DATA IN THIS EXERCISE:
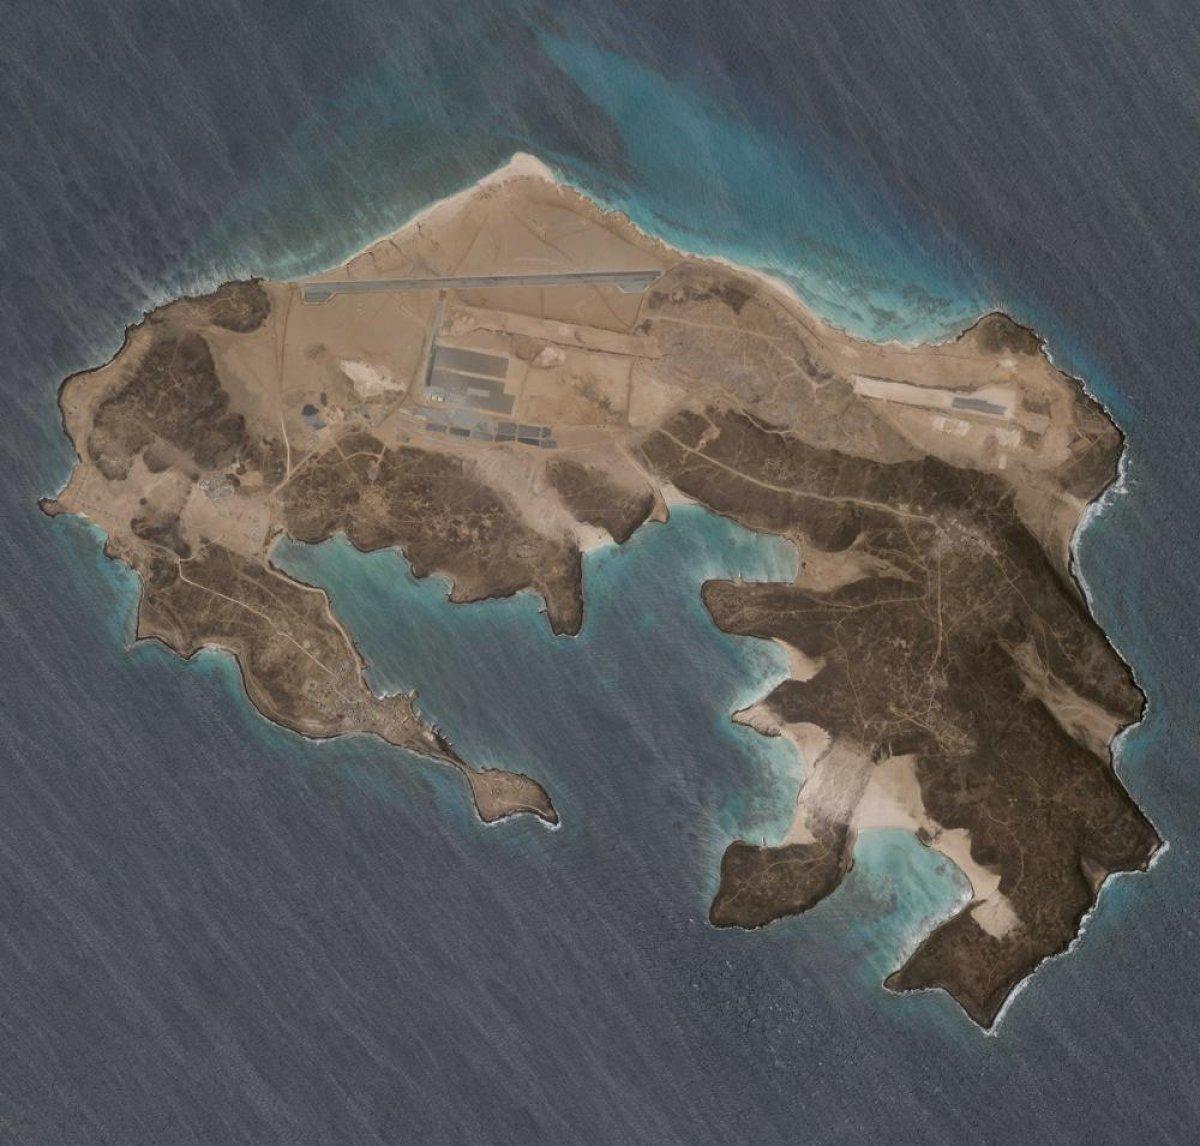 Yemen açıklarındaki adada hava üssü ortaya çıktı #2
---
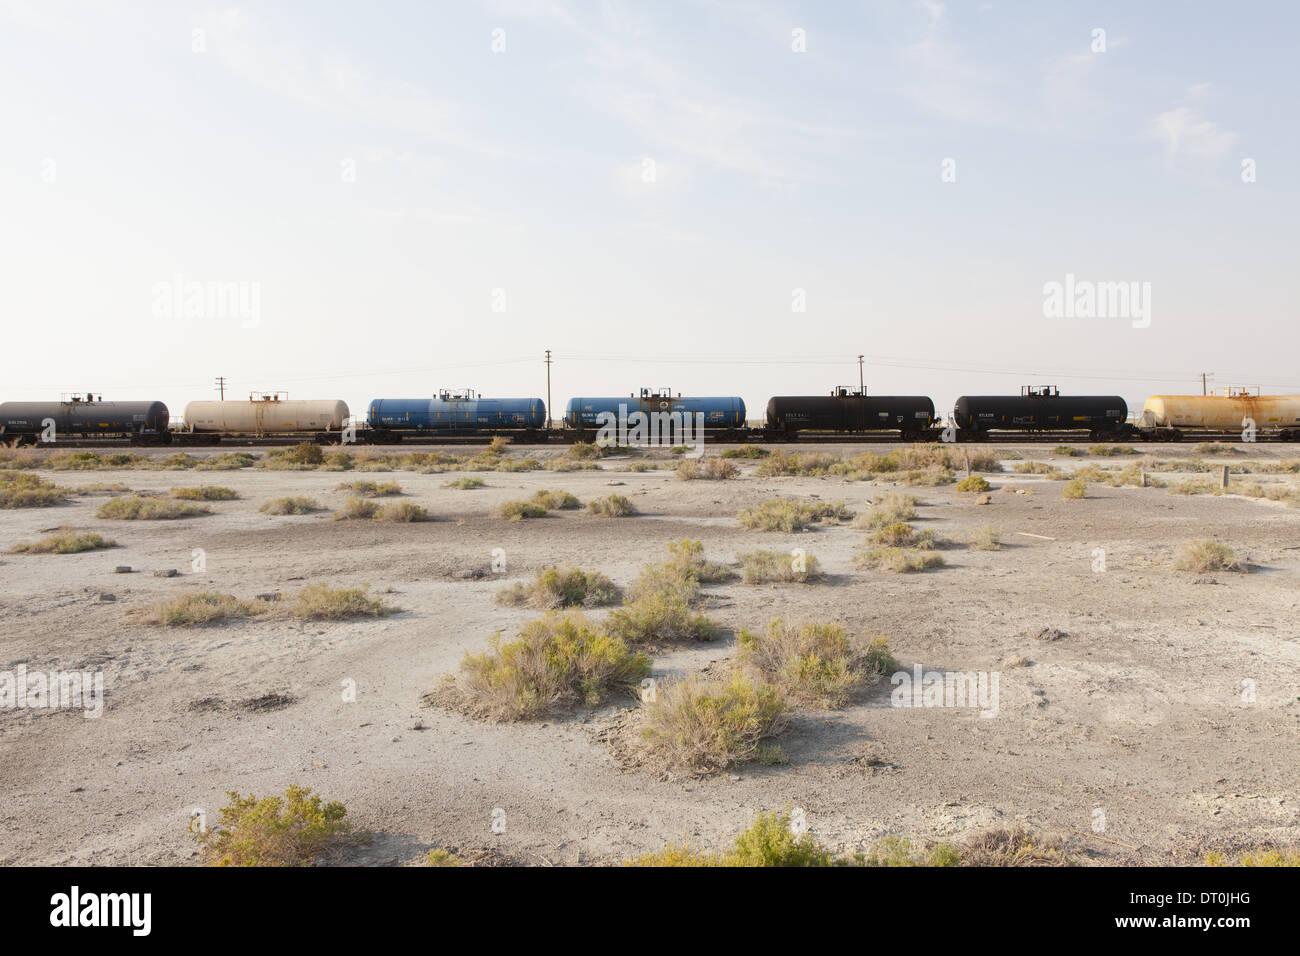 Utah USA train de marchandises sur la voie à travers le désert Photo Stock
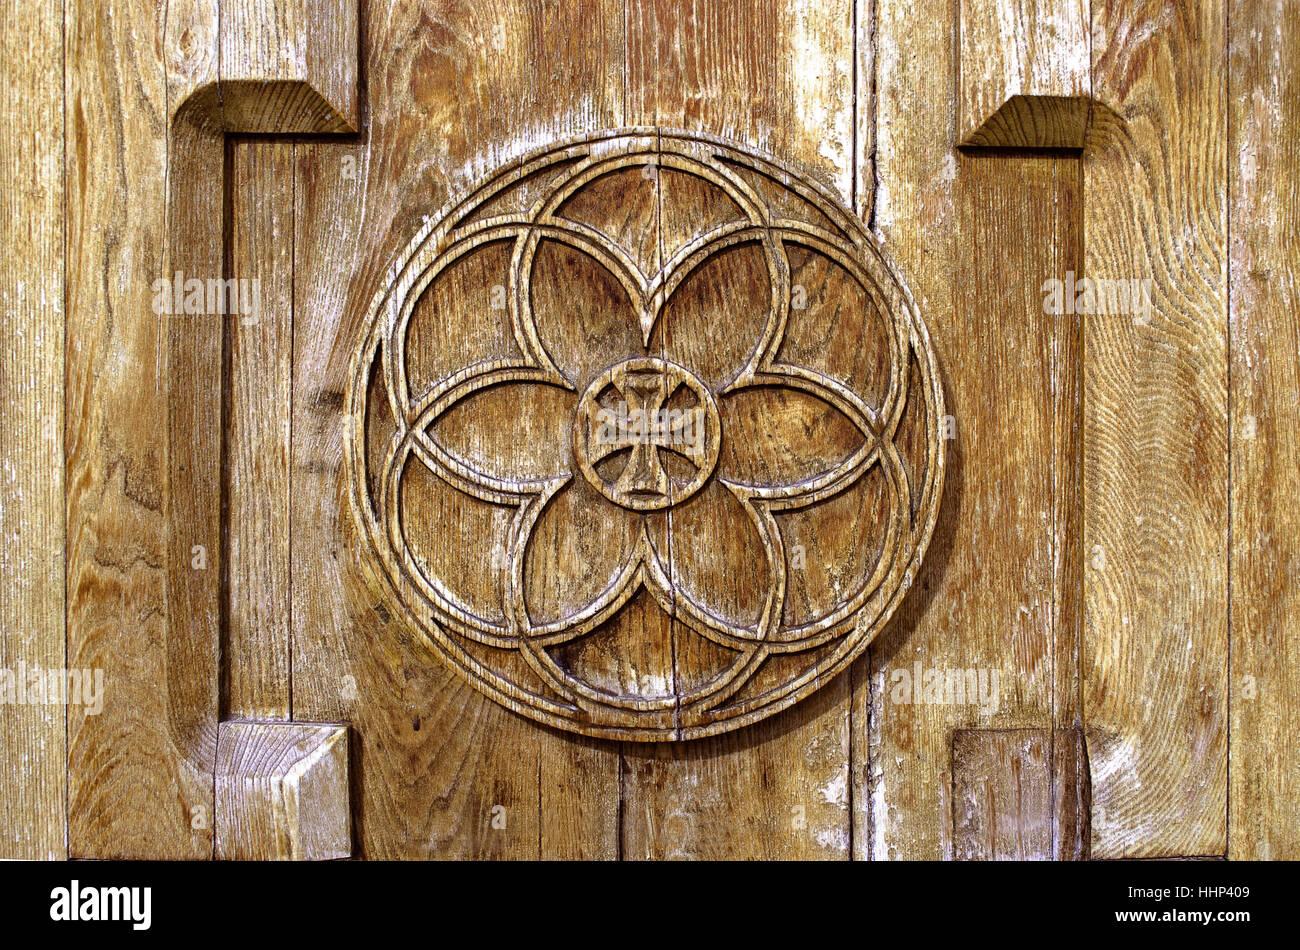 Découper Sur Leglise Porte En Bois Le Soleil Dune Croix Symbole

WORK INSTRUCTIONS: Repeat, without pictures, exactly the lines of the data above from the one containing "Utah USA train" through the one containing "Découper Sur Leglise", including both and adding nothing.

RESULT OF THIS EXERCISE:
 Utah USA train de marchandises sur la voie à travers le désert Photo Stock
 Découper Sur Leglise Porte En Bois Le Soleil Dune Croix Symbole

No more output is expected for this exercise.